* [PROBLEM] In the entries below, begin at the line that has "Vienna (image by pixabay.com)", stop after the line that has "lill ngen l", and output those lines exactly with no pictures.

* [SUPPLIED ENTRIES]

=======

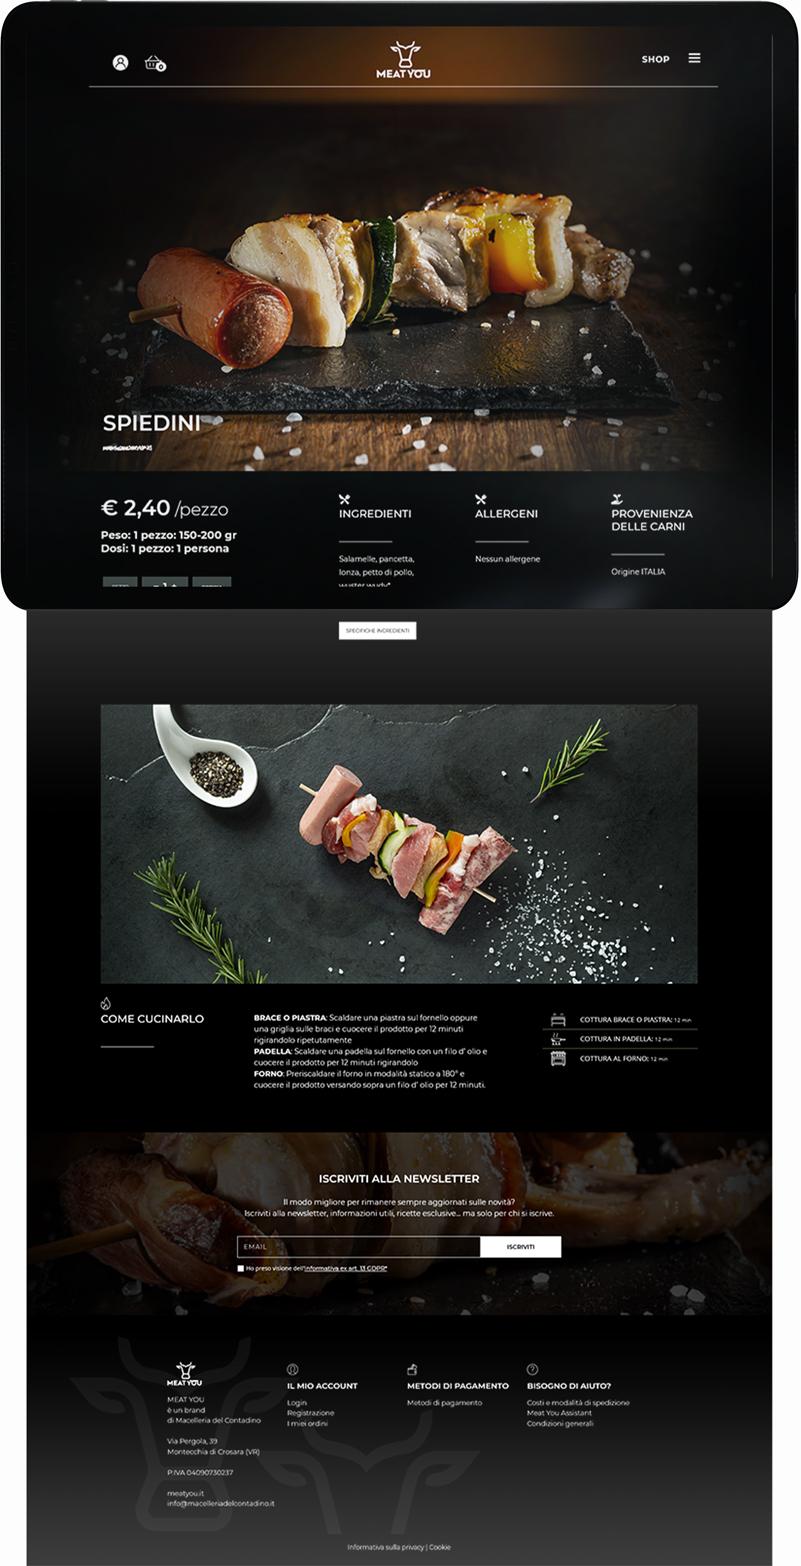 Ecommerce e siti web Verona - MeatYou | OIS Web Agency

=======

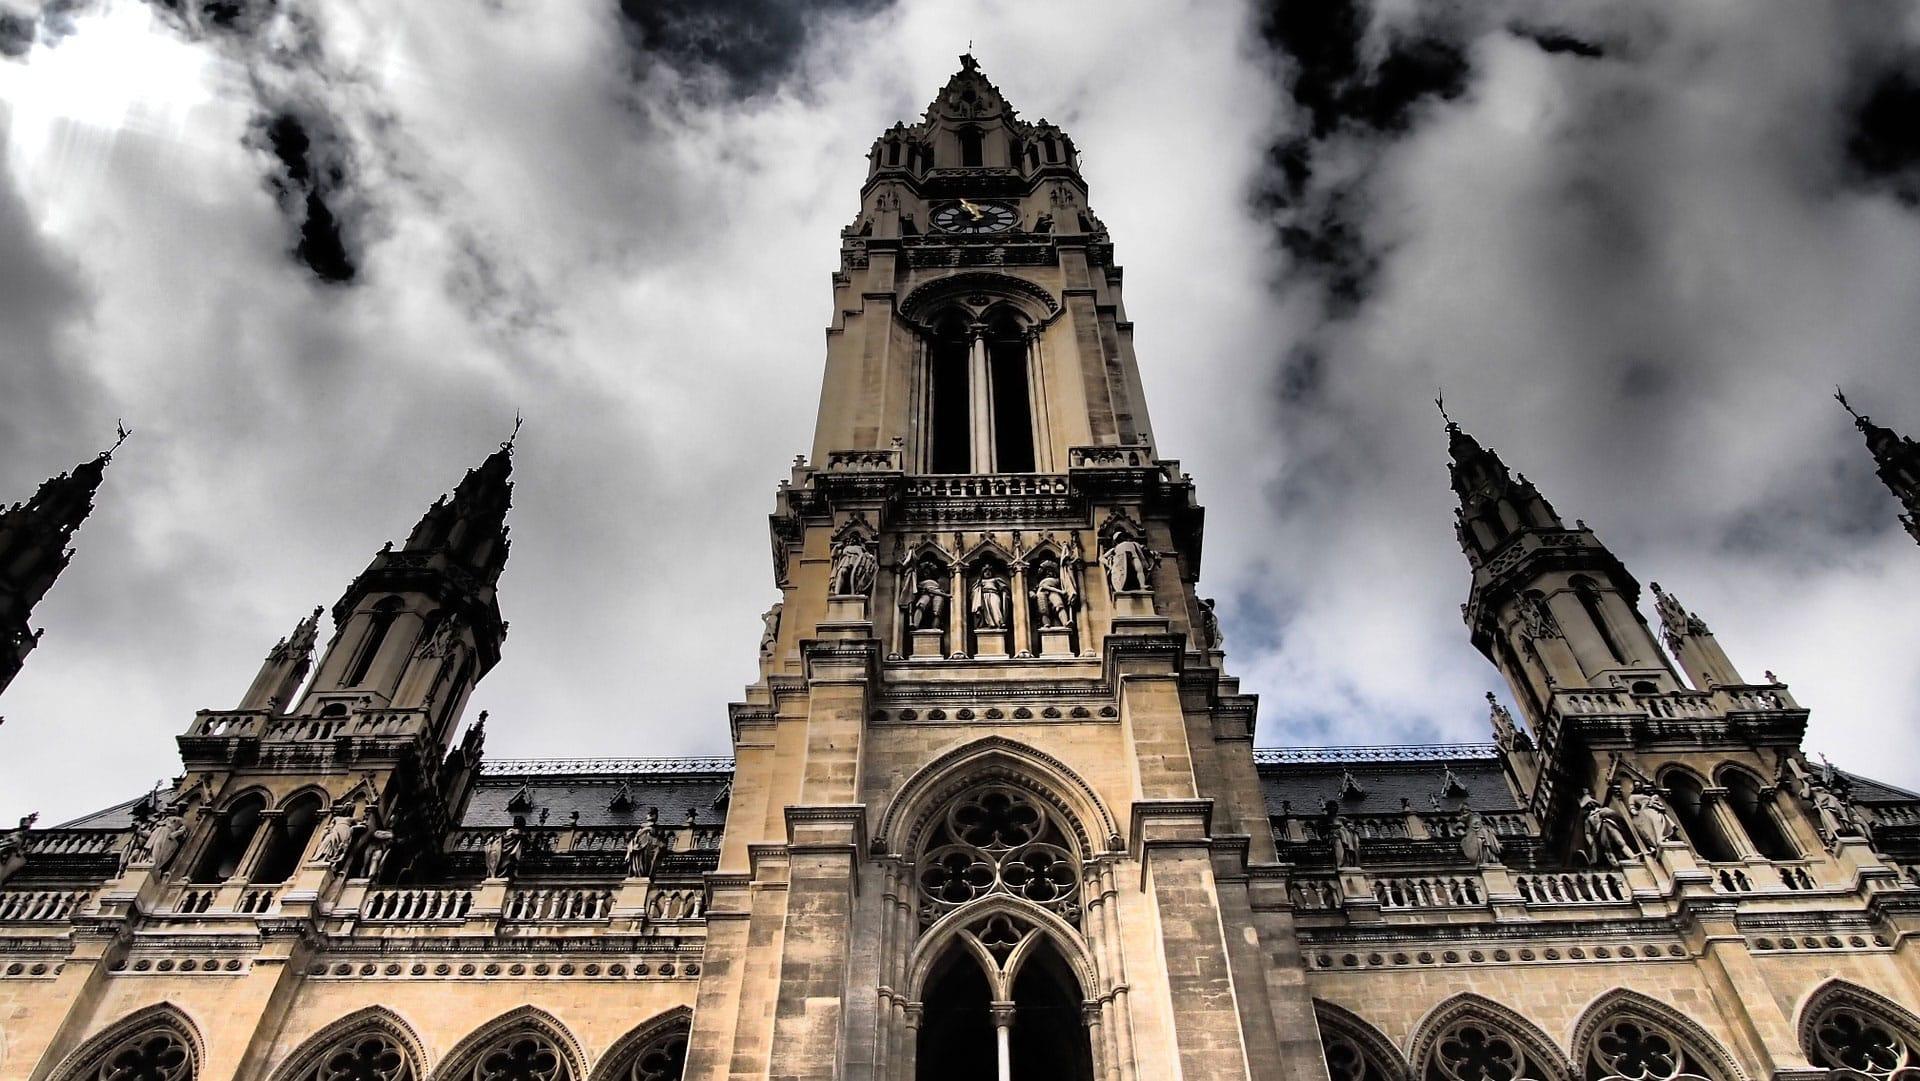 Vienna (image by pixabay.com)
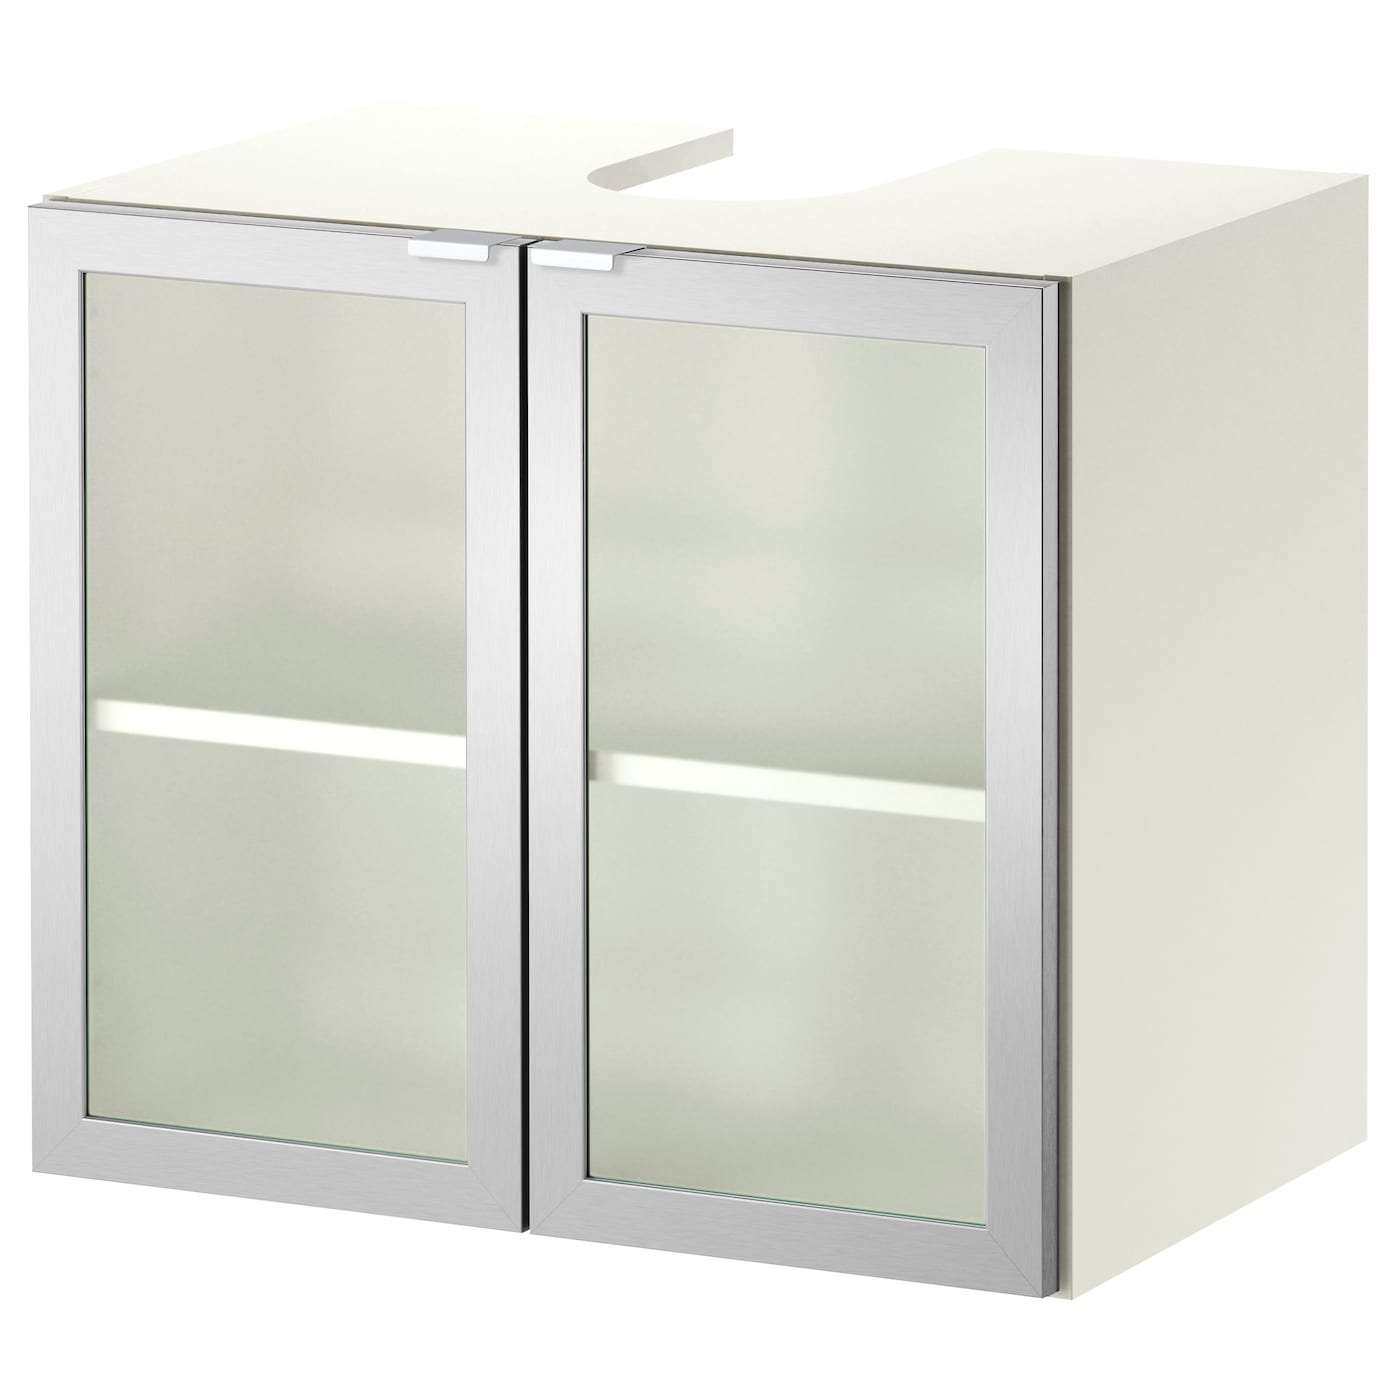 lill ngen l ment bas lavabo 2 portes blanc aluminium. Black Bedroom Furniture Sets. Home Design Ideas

=======

* [RESULT OF THE EXERCISE]
 Vienna (image by pixabay.com)
 lill ngen l ment bas lavabo 2 portes blanc aluminium. Black Bedroom Furniture Sets. Home Design Ideas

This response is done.